Now, this equals what we statisticians call supervised statistical learning. It is supervised because the target is known, at least in the process of learning. The integration process of Polanyi parallels the estimation of some model f(X) which connects the distal part to the proximal part, like
Y = f(X) + e
(The term e is the noise term summing up the variation in the response, which can’t be explained by the model.)
Some may now object by saying that the integrated proximal part in statistical learning, the estimated model, is not tacit because the model is chosen subjectively by the statistician. The statistician thus has detailed information about the model, and perfectly knows how the input is connected to the response. This does not sound very tacit!
No, but there is a special class of algorithmic statistical models in supervised learning which does fit into the tacit dimension, and, in fact, the models are inspired by our brain network. They are known as artificial neural networks (ANN).
The model f(X) of an ANN is not completely defined by the data analyst. As shown in the Figure, the algorithm assumes one or multiple layers of “neurons” connecting the input variables X with the response Y. One or several hidden layers of neurons are connected to X and Y and each connection is a linear or non-linear mapping of information with parameters trained from data in such a way that the distal part Y is approximated as close as possible. The first hidden layer may for instance summarize simple patterns observed in X, which are further categorized in the second layer, and so on. In this way an AAN may be used to model highly non-linear and complex output features.
The training of the neural connections is to a large extent left to the computer, and the resulting models may be quite complex, and the ANN models have been criticized for being too much of a black box and difficult to understand… Exactly! What goes on in the model is hidden, it is tacit!
The tacit dimension of our brain is probably quite similar. After all, the artificial neural networks are inspired by the biological neural networks… The neural networks may be trained to connect a set of perceived inputs to a target output in a way which is hidden to us and buried in our unconsciousness. Beneath our consciousness our brains perform multivariate, statistical AND tacit modeling, and recent research has indicated that the cerebellum may play a key role in unconscious integration of inputs and facts, like I wrote about in a previous post “Google pedagogics”.

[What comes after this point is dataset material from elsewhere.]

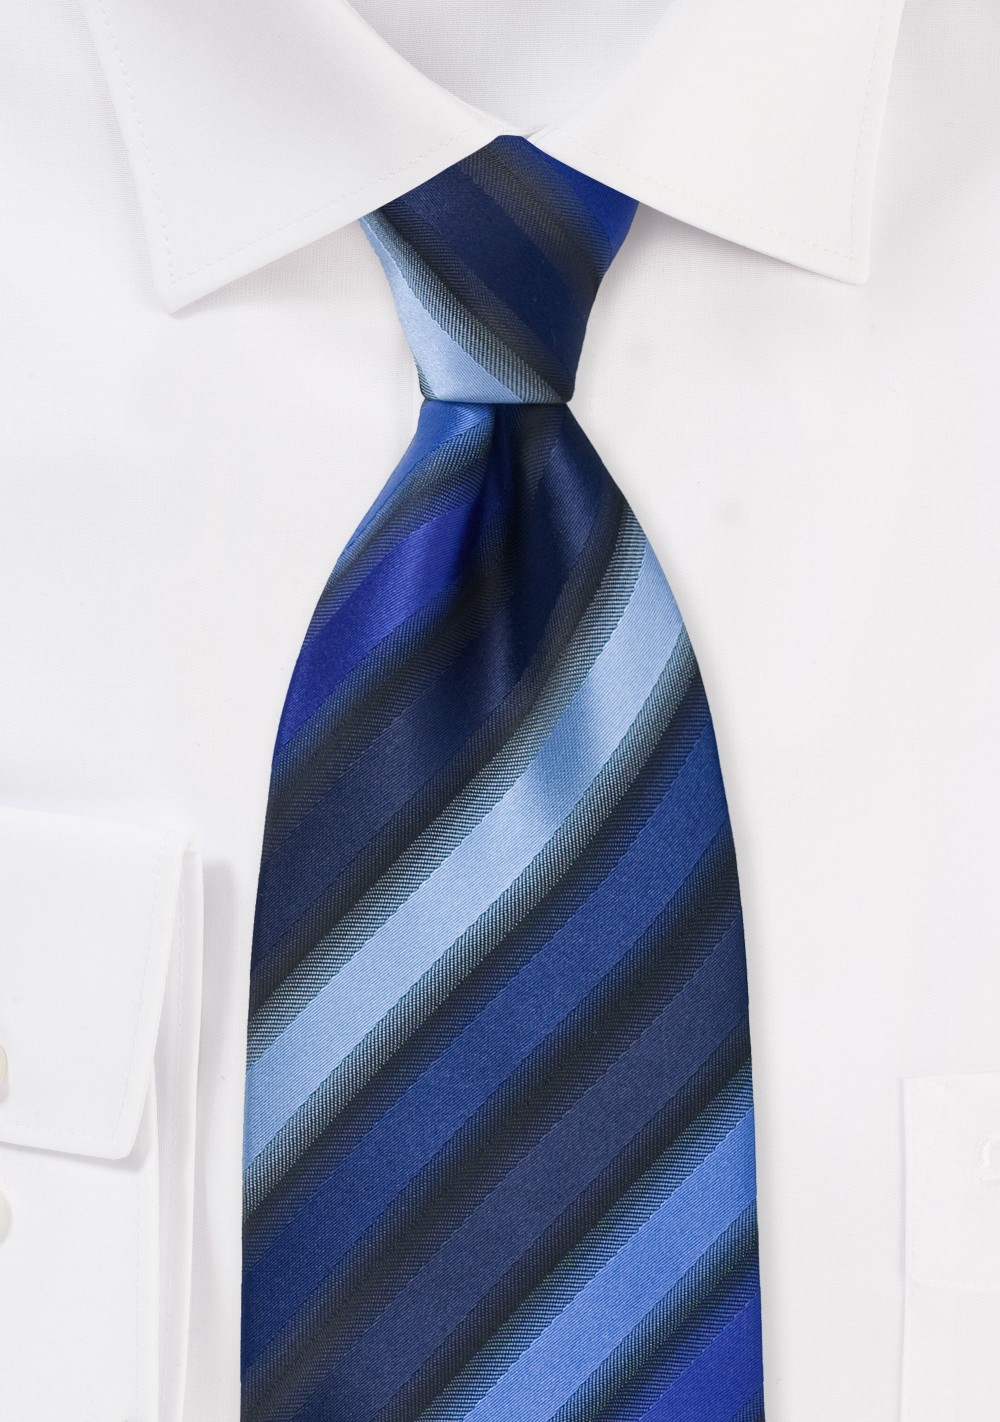 Striped Tie in Tonal Blues

The artificial neural networks are as mentioned highly flexible, and there is always a risk of over-fitting the model, that is, the model fits the observed outputs of the training data too well, and the model is likely trying to explain noise in the response. This reduces the predictive performance of the model for new observations, and in order to reduce this problem it is customary to “prune” the networks by removing some “weak” connections in order to make is less complex and less vulnerable to random fluctuations in the response. As I wrote in my previous post new theories about the effect of sleeping suggest that there is natural pruning going on in our brain during the NREM phase of our sleep. Hence, it appears that our brain is also fine-tuning our tacit knowledge during sleep, making it for efficient for later use.
So, to sum it all up, our brain appears to have the ability to use its biological neural network to integrate proximal information into a flexible model which can be used to understand or predict a distal target or response, and sometimes this is a completely unconscious and tacit process.
All our brain lets us know… is that we know…!
Polanyi, M. (1966). The tacit dimension. Doubleday, N.Y. US.